On Wednesday, Serbia’s capital Belgrade was shocked by a rare shooting in one of the city’s elementary schools. The shooter, aged just thirteen, killed eight of his peers and a security guard before calling the police to report himself.
A day later, apparent copycat crimes began in five other schools: four in Belgrade and one in Bihać, in neighboring Bosnia, where children either drew up kill lists, made threats with toy guns, or assaulted their teachers and peers with knives. Then, on Friday, a second shooting spree occurred, this time to the south of the capital, killing another eight and wounding fourteen.
In both cases, some survivors are still in critical condition and it’s not yet clear if the death toll will rise. In total, the police intervened in twenty-five alleged cases of copycat crimes in Serbia alone. Two further threats were reported in Trbovlje, Slovenia, and two others in Skopje, North Macedonia — confirming fears that the crime will spread across the Western Balkans.
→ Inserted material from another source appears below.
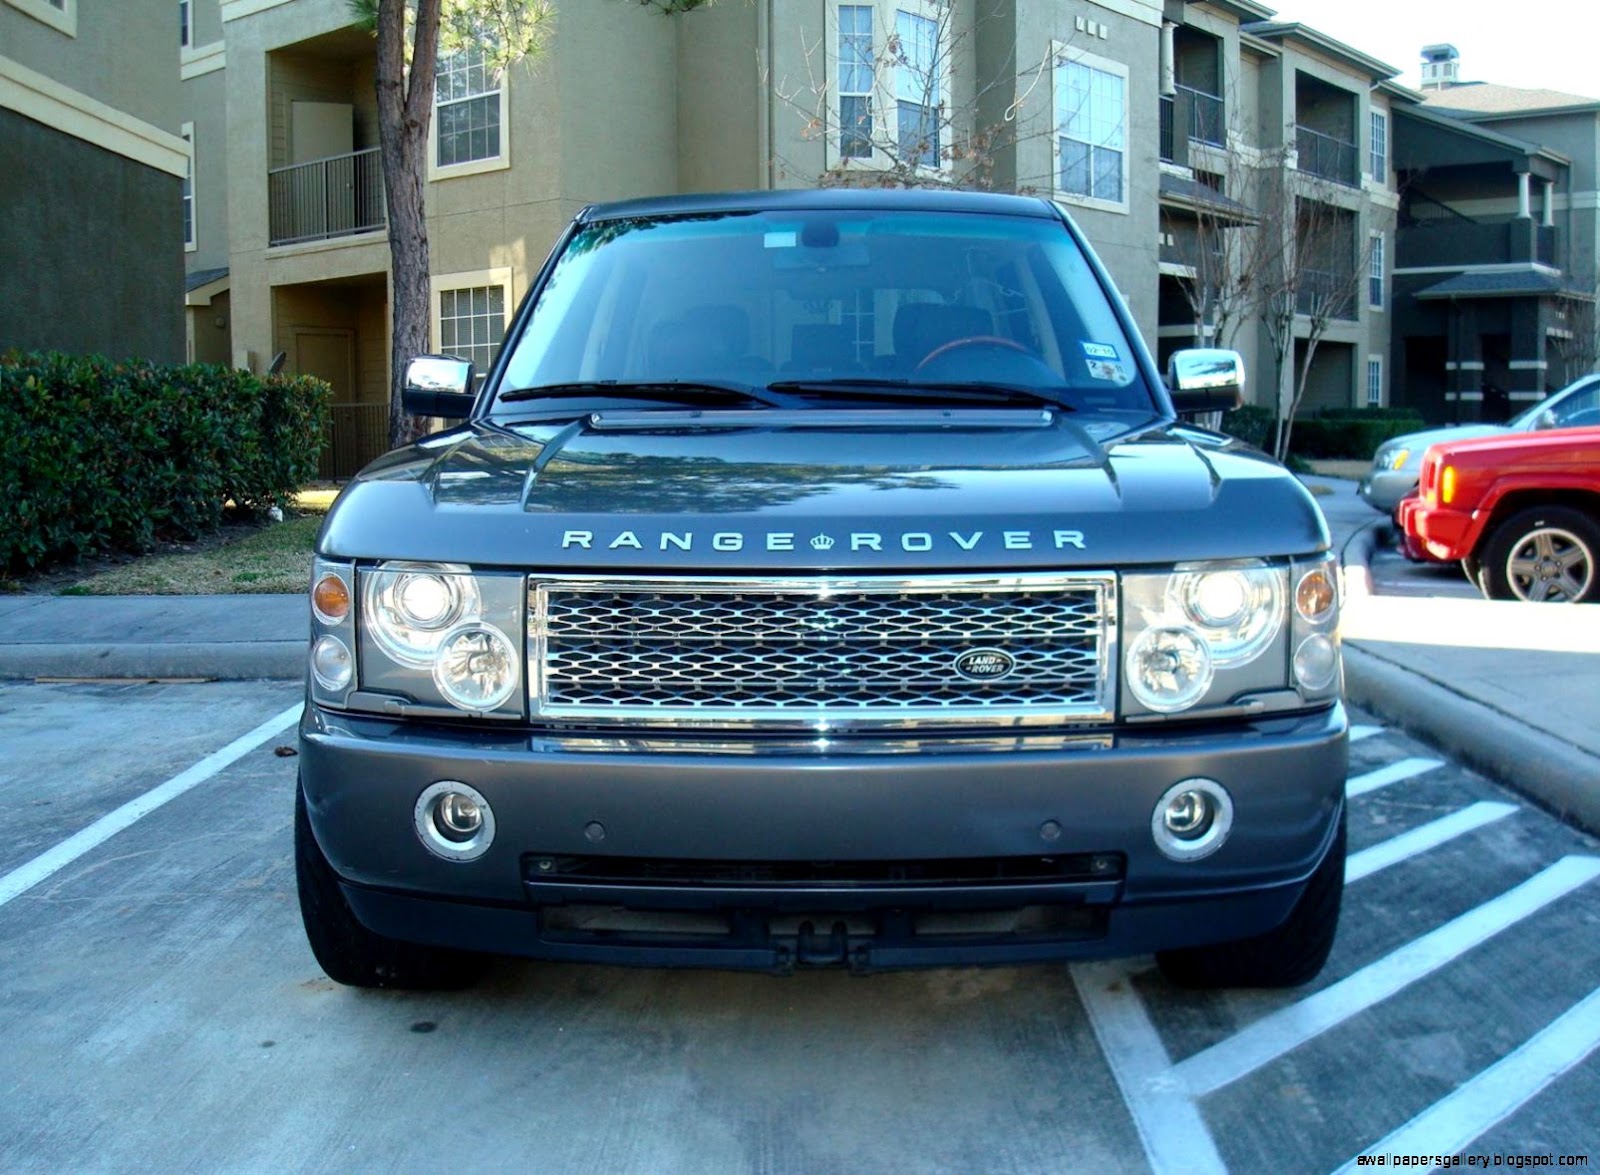 Range Rover Houston

Previously, mass school shootings had never occurred in Belgrade, nor were they common in the region. But these events have changed everything. From Zagreb to Priština and Novi Sad candlelit masses for the victims were accompanied by warnings that the same could repeat itself outside of Belgrade. And authoritarian politicians are now using this to their advantage.
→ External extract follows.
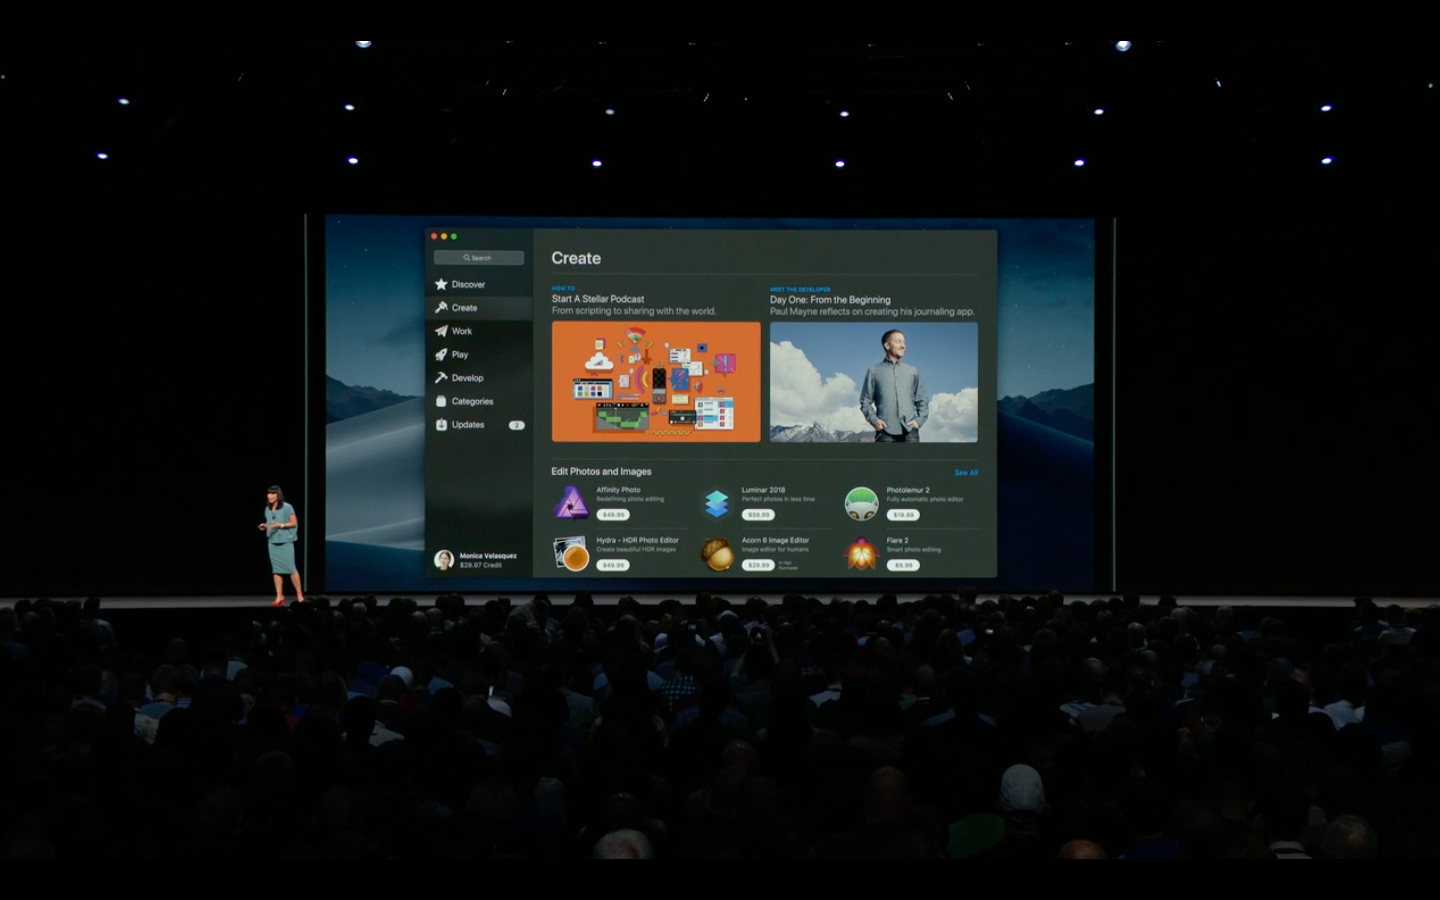 mac app for bigger previews

For nonlocal readers, it should be kept in mind that violence itself isn’t so new: mass shootings by adults have previously occurred, and Serbia has experienced several wars in the last few decades, starting with the breakup of Yugoslavia and Slobodan Milošević’s effort to maintain control. His friends and colleagues run the country even today; Aleksandar Vučić, the current president, was minister of information in Milošević’s government, through which he suppressed free reporting, especially during the NATO bombing campaign in 1999. In line with its belligerent record, Serbia is third in the world for gun ownership, right after Yemen and the United States.
Social Decline
However, this isn’t just about guns, but also a society torn between extremes. Serbia is one of Europe’s most unequal countries by income, with 85 percent of the population receiving less than the average wage. It also boasts, by far, the largest ruling party in Europe, with over 750,000 members. The media are not free but party-controlled, much like the public utilities, and even schools.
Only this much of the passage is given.